What you are asked to do:
Your copy starts at the line containing "オンラインチェキ会 参加券 (6/13)" and ends at the last line below. Copy exactly, without pictures.

Data below:
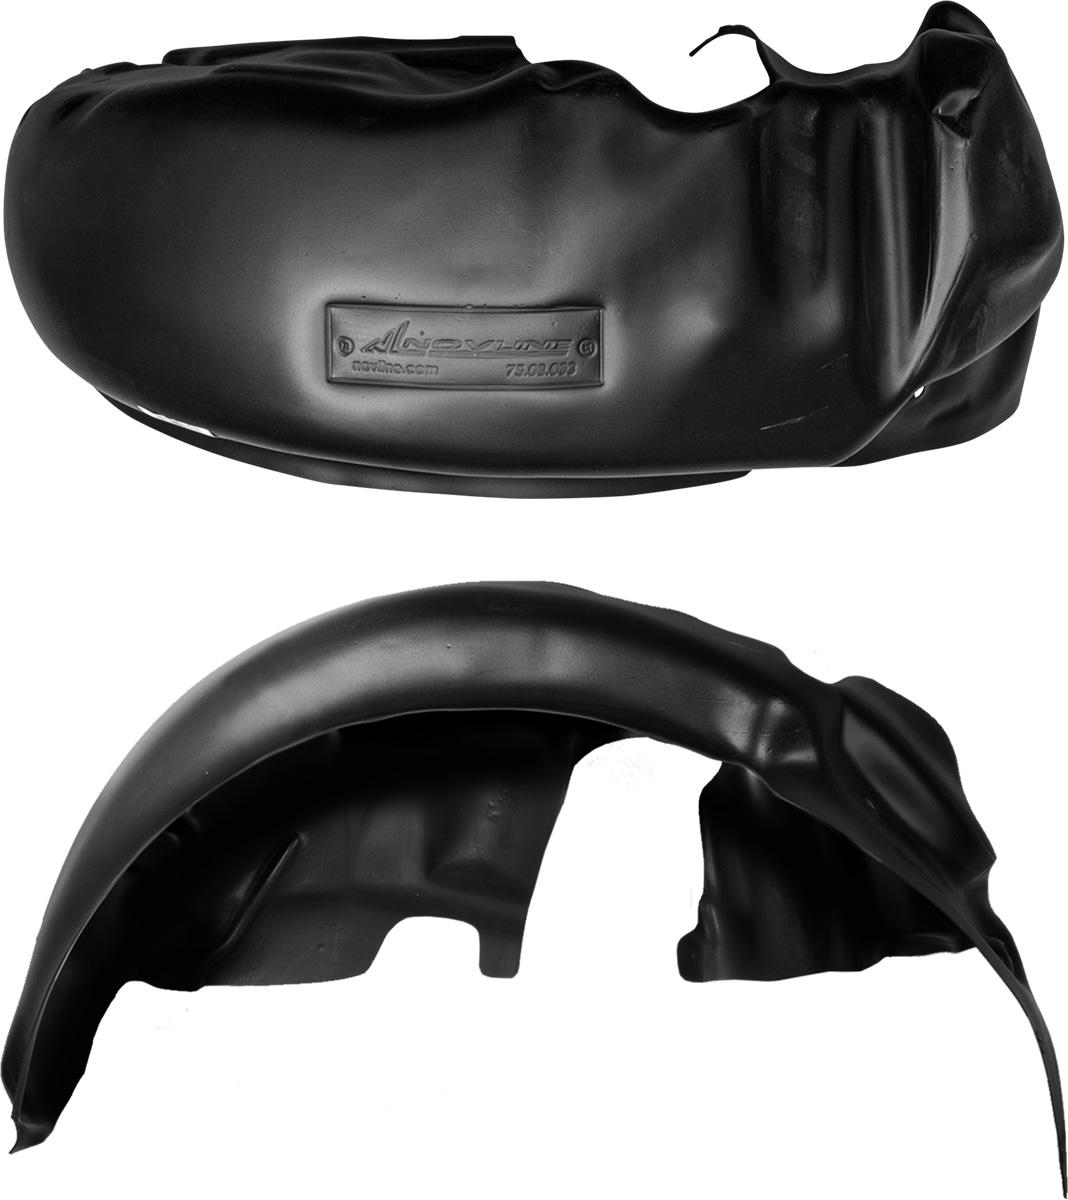 Подкрылок Novline-Autofamily, для FORD Kuga, 2013-, задний левыйNLL.16.23.003Колесные ниши - одни из самых уязвимых зон днища вашего автомобиля. Они постоянно подвергаются воздействию со стороны дороги. Лучшая, почти абсолютная защита для них - специально отформованные пластиковые кожухи, которые называются подкрылками. Производятся они как для отечественных моделей автомобилей, так и для иномарок. Подкрылки Novline-Autofamily выполнены из высококачественного, экологически чистого пластика. Обеспечивают надежную защиту кузова автомобиля от пескоструйного эффекта и негативного влияния, агрессивных антигололедных реагентов. Пластик обладает более низкой теплопроводностью, чем металл, поэтому в зимний период эксплуатации использование пластиковых подкрылков позволяет лучше защитить колесные ниши от налипания снега и образования наледи. Оригинальность конструкции подчеркивает элегантность автомобиля, бережно защищает нанесенное на днище кузова антикоррозийное покрытие и позволяет осуществить крепление подкрылков внутри колесной арки практически без дополнительного крепежа и сверления, не нарушая при этом лакокрасочного покрытия, что предотвращает возникновение новых очагов коррозии. Подкрылки долговечны, обладают высокой прочностью и сохраняют заданную форму, а также все свои физико-механические характеристики в самых тяжелых климатических условиях (от -50°С до +50°С).Уважаемые клиенты!Обращаем ваше внимание, на тот факт, что подкрылок имеет форму, соответствующую модели данного автомобиля. Фото служит для визуального восприятия товара.
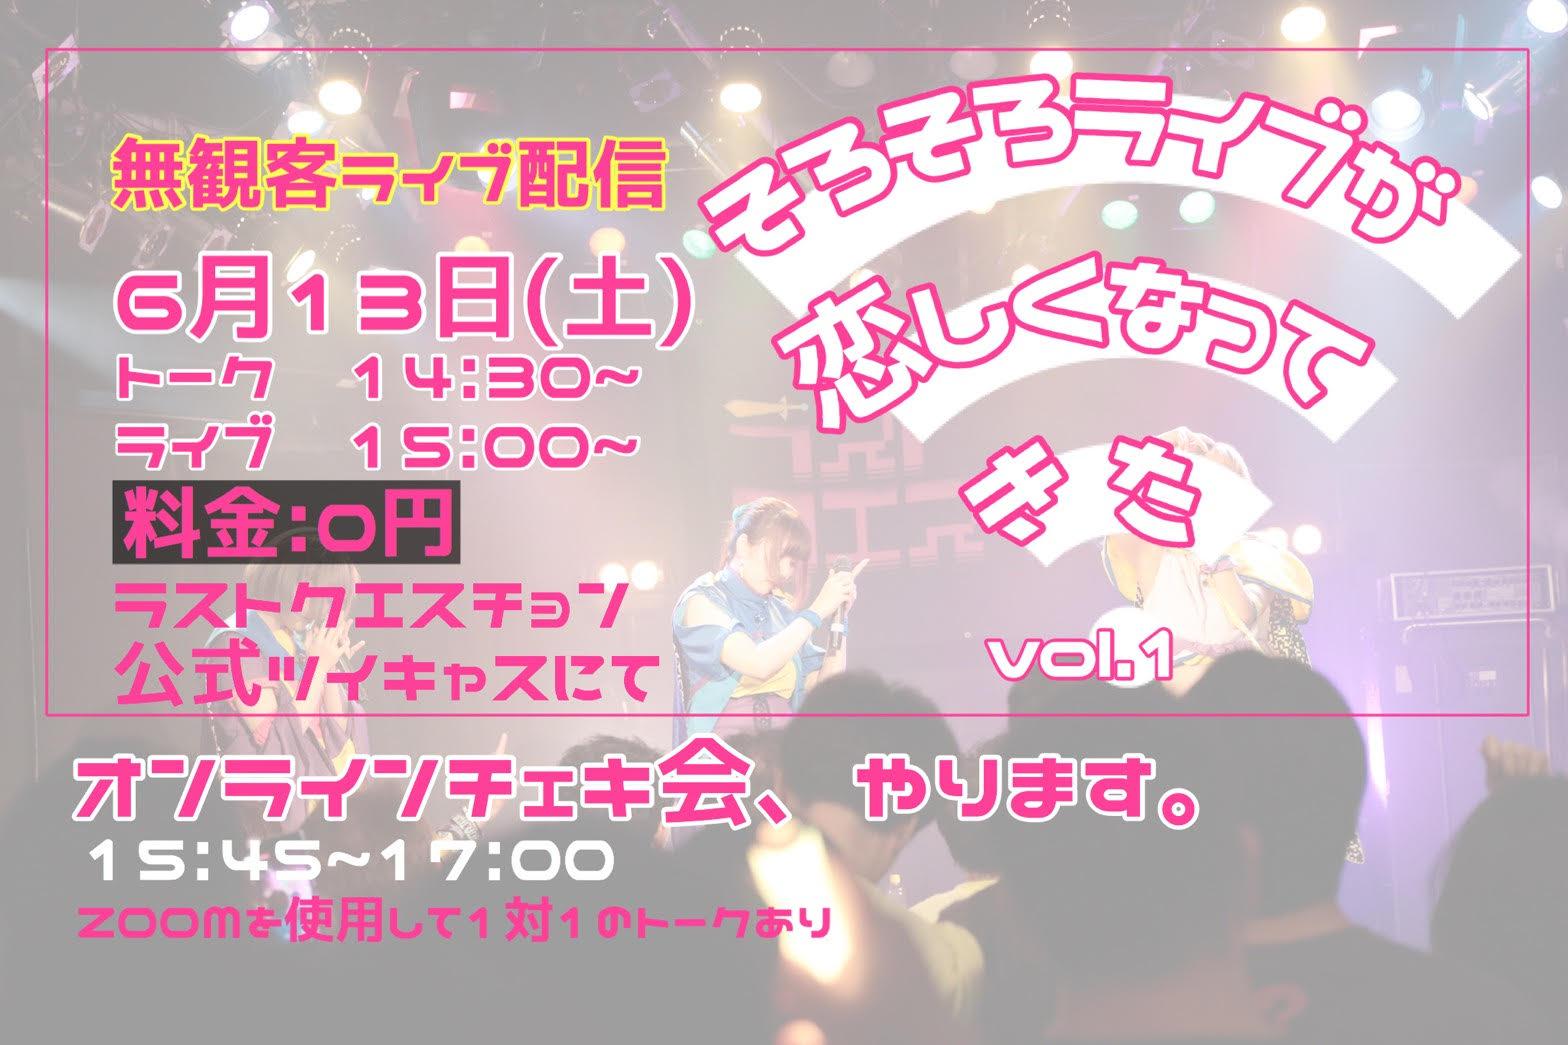 オンラインチェキ会 参加券 (6/13)
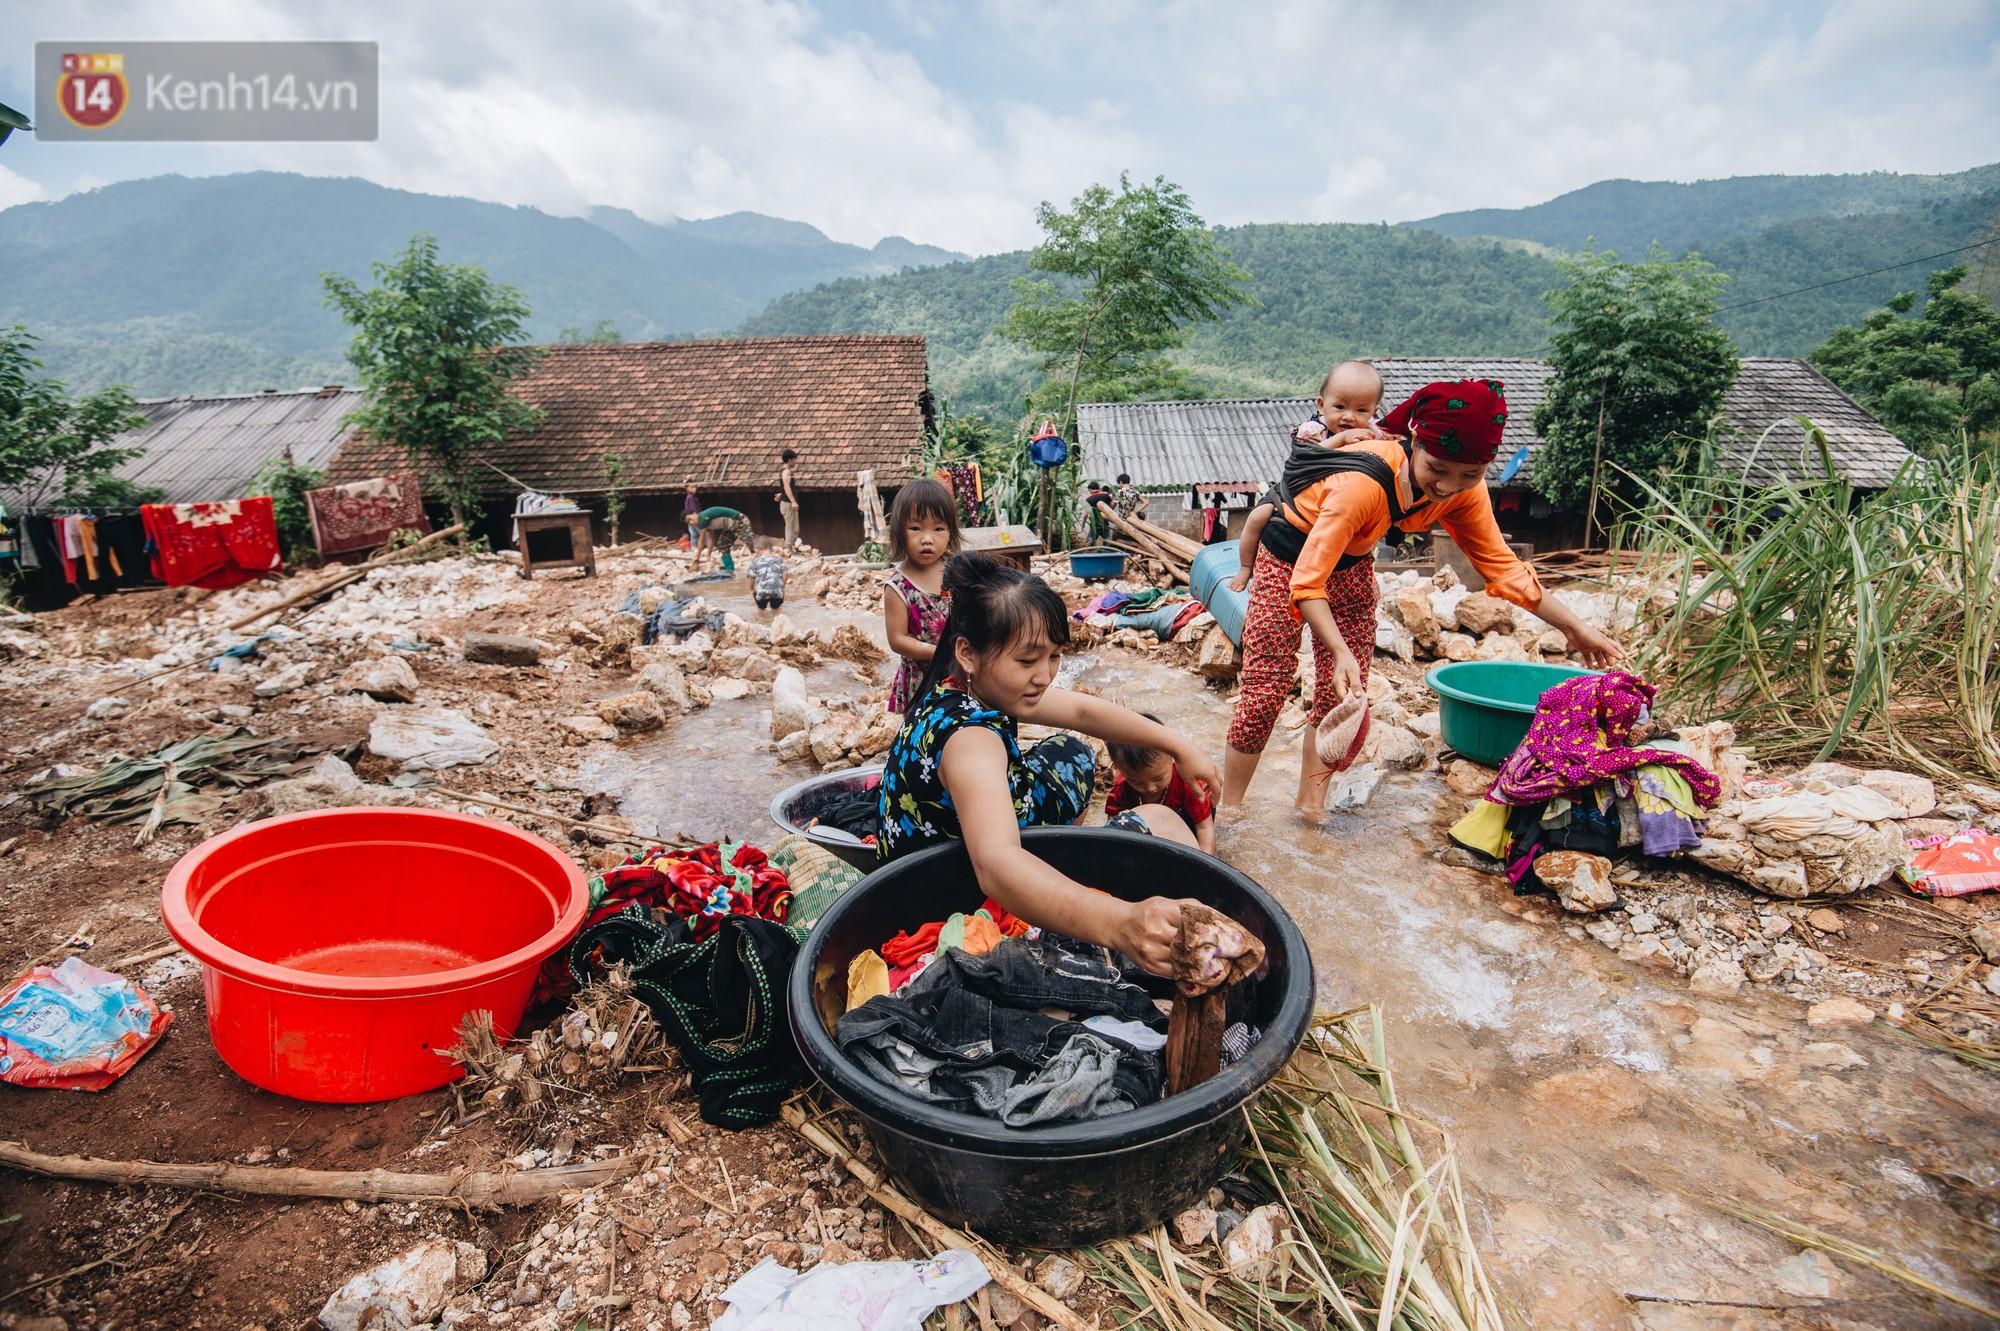 Ánh mắt kiên cường và nụ cười hồn nhiên của trẻ em Hà Giang sau trận lũ đau thương khiến 5 người chết, hàng trăm ngôi nhà đổ nát - Ảnh 11.

Solution for this problem:
 オンラインチェキ会 参加券 (6/13)
 Ánh mắt kiên cường và nụ cười hồn nhiên của trẻ em Hà Giang sau trận lũ đau thương khiến 5 người chết, hàng trăm ngôi nhà đổ nát - Ảnh 11.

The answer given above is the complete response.